Foreign Policy Research Institute A Nation Must Think Before it Acts Withdrawing from the INF Treaty is a Mistake
Withdrawing from the INF Treaty is a Mistake

Withdrawing from the INF Treaty is a Mistake

President Donald Trump has announced that his administration plans to withdraw the United States from the 1987 Intermediate-Range Nuclear Forces (INF) Treaty with Russia, which prohibits Washington and Moscow from testing and deploying all ground-based cruise and ballistic missiles with ranges between 500 and 5,500km. While the United States believes Russia to be in violation of the treaty through its deployment of the 9M729 cruise missile, U.S. withdrawal now will damage American diplomacy without delivering significant military advantages.

Diplomatically Damaging

As Steven Pifer of the Brookings Institution has argued, pulling out of the treaty will undermine U.S. efforts to bring Russia to account for its alleged violations, taking the pressure off Moscow to justify its behavior. It will also undermine NATO’s increasingly united and assertive position on the issue of Russian noncompliance. The United States has shared intelligence on Russia with its NATO Allies, leading to a shift in the Alliance’s stance toward Washington’s point of view. At a meeting of defense ministers in early October, NATO Secretary General Jens Stoltenberg stated that “the most plausible assessment” is that Russia is in violation of the treaty and demanded that Russia explain the 9M729. Withdrawal will undermine this carefully crafted NATO consensus on INF, putting Washington in the position of spoiler, removing Moscow from any obligation to account for its actions, while contributing to a split between the United States and NATO Allies that see the treaty as a cornerstone of European security.

Withdrawal from the INF Treaty is also likely to negatively impact the increasingly embattled U.S.-Russia arms control enterprise. The U.S.-Russia New START treaty, governing strategic offensive nuclear weapons, was concluded on the assumption that Washington and Moscow would refrain from deploying systems of intermediate range. Any change to the nuclear balance would destabilize the strategic calculations that underpin New START, potentially placing that treaty in jeopardy. INF abrogation will also raise further questions regarding the United States’ commitment to arms control in general, lending further weight to the sense that the 21st century will be an era of arms racing rather than negotiation.
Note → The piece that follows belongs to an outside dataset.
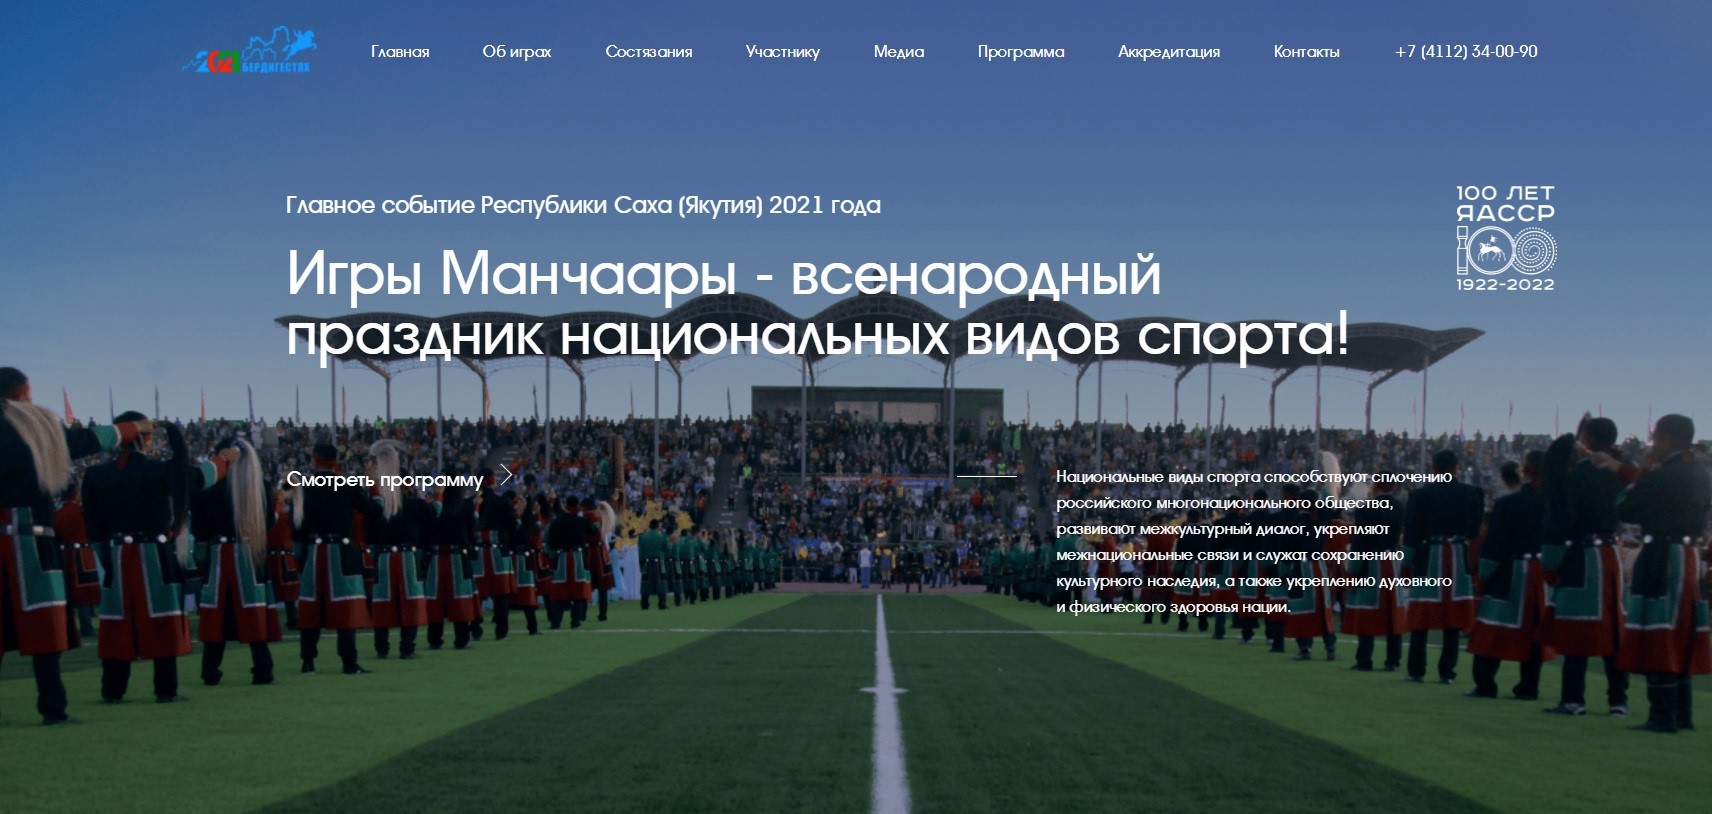 Официальный сайт Игр Манчаары презентовали в Якутске
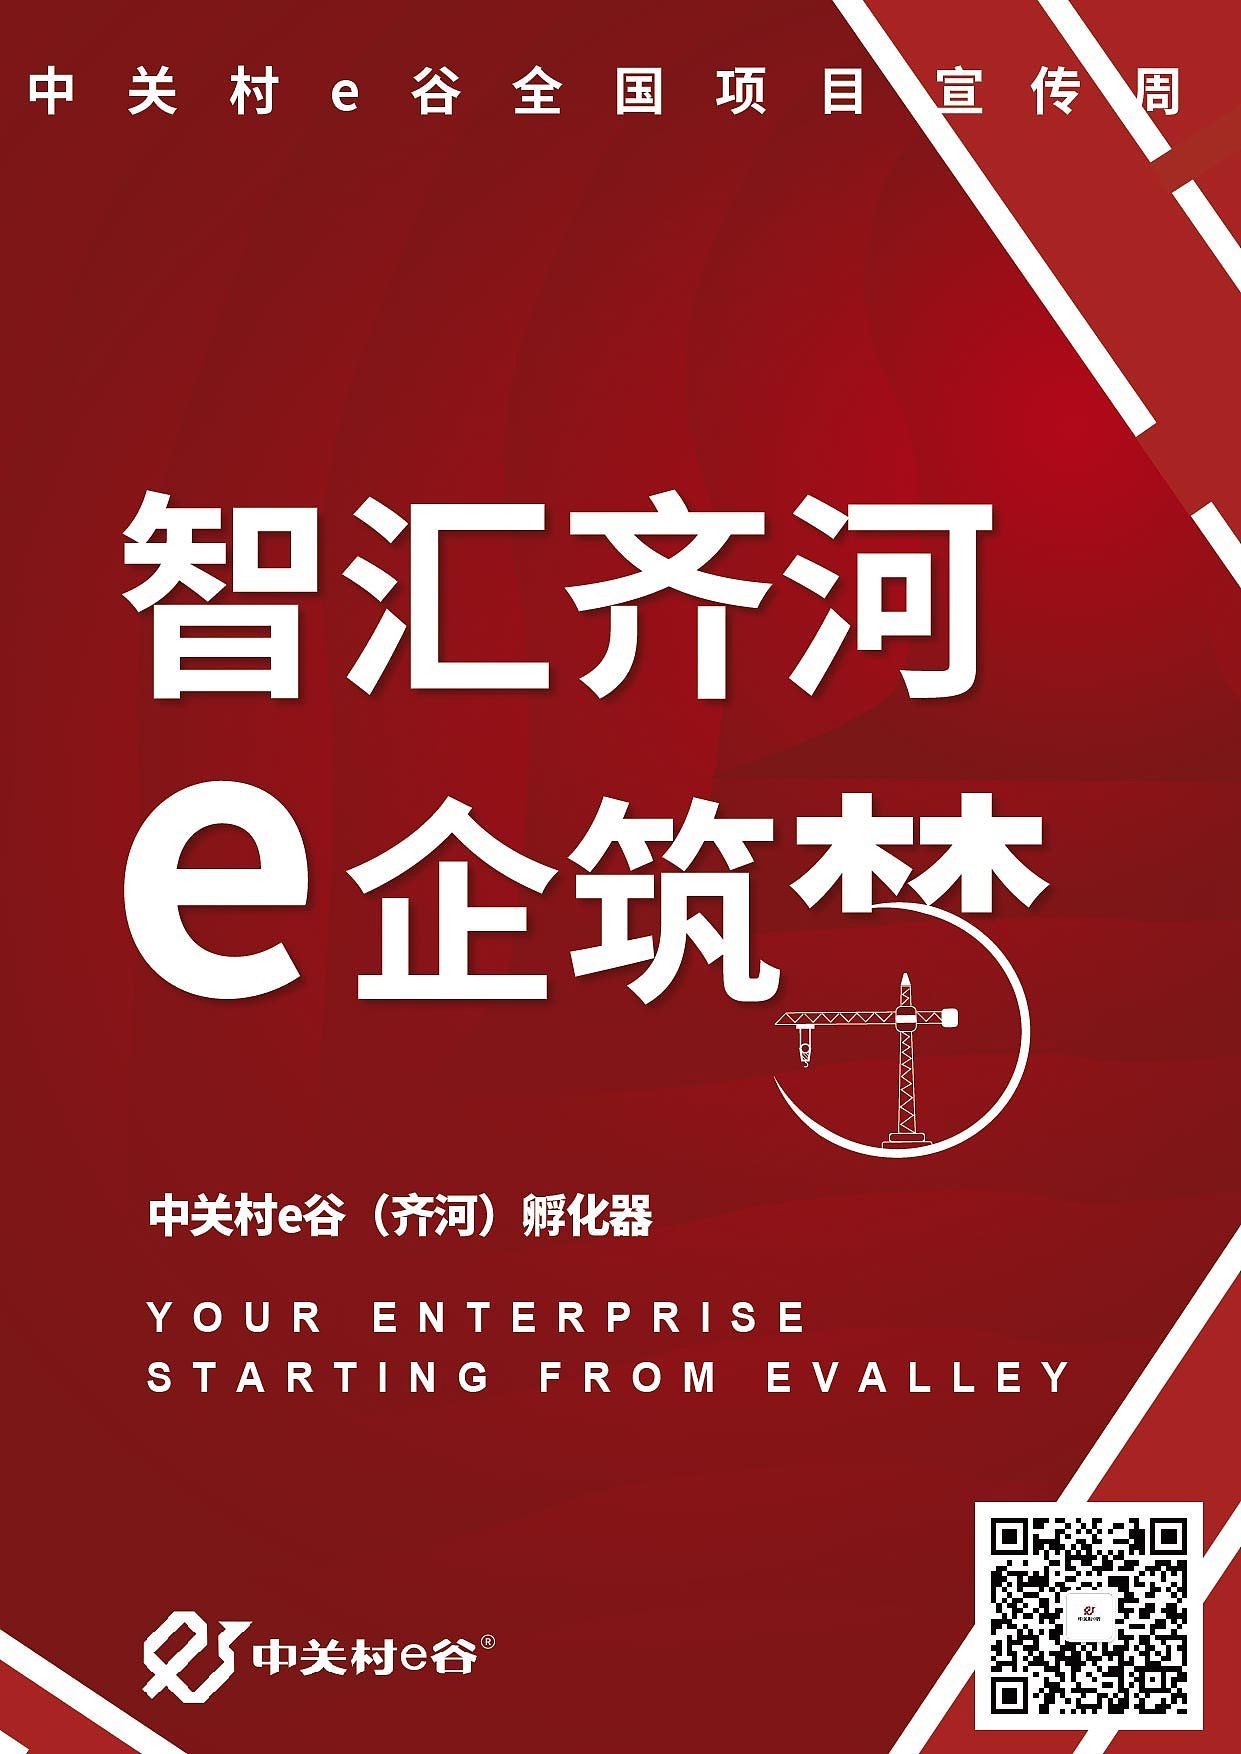 中关村e谷-项目宣传周海报图6

Questionable Military Rationale

Nor does abrogating the INF Treaty make military sense. As John D. Maurer has recently argued, by limiting only ground-based intermediate-range missiles, at the time of its conclusion, the INF Treaty favored the United States, which enjoyed large technological advantages in air- and sea-based missiles. While Russia’s recent demonstration of new cruise missiles in Syria show that Moscow has caught up to some extent, the United States still deploys a far greater diversity of sea- and air-based missiles in larger numbers than Russia. This reflects geography. With far-flung alliances stretching across the globe, the United States is by its nature a maritime and air power, while Russia is primarily a land power. Making the most of this advantage, the U.S. could respond to Russian deployment of the 9M729 by moving more sea- and air-launched missiles to Europe without violating the INF Treaty.

After the U.S. withdraws, however, Russia will be free to take advantage of its geographical proximity to NATO Europe by rapidly expanding its deployments of INF noncompliant missiles. The United States will be left with few ground-based options. Development of a ground-based missile that could match new Russian systems has only just started. West European NATO states, fearing a reprise of the protests that accompanied U.S. INF deployments in the early 1980s, will be unlikely to allow deployment of such missiles on their soil. States such as Poland and Romania may be more amenable, but short flight times between these states and Russia would make these missiles highly vulnerable to a pre-emptive strike, increasing tensions to no clear military advantage. The U.S. has no good ground-launched missile basing options in Europe.

Some observers have pointed out that this Eurocentric argument misses the bigger picture: the downgrading of the INF Treaty’s importance reflects the United States’ increasing preoccupation with Asia. China, not a party to the treaty, has developed a suite of ground-based missiles that the United States cannot. Withdrawing from the agreement will allow the U.S. to match China missile-for-missile. This argument again neglects the geographical factor. Even if it were able to produce large numbers of ground-based INF-range missiles, where in Asia would the United States deploy them? The answer is not obvious. Guam is a potential candidate, but it is one island that could be counter-targeted by China. Deployment to South Korea, Japan, and Australia would likely be controversial in those countries. Again, geography dictates that the bulk of U.S. intermediate-range missiles should be based at sea and on aircraft.

No Tangible Benefits

The United States’ planned abrogation of the INF Treaty raises questions that demand answers. The diplomatic impact, both on Washington’s relationship with its European allies and on the broader arms control enterprise, is likely to be severe. Meanwhile, the military advantages, both in Europe and Asia, are highly dubious. The Armed Services and Foreign Relations Committees of the new Congress should call the responsible officials to testify on INF withdrawal and explain in detail how the United States plans to mitigate the negative diplomatic and military consequences of this move.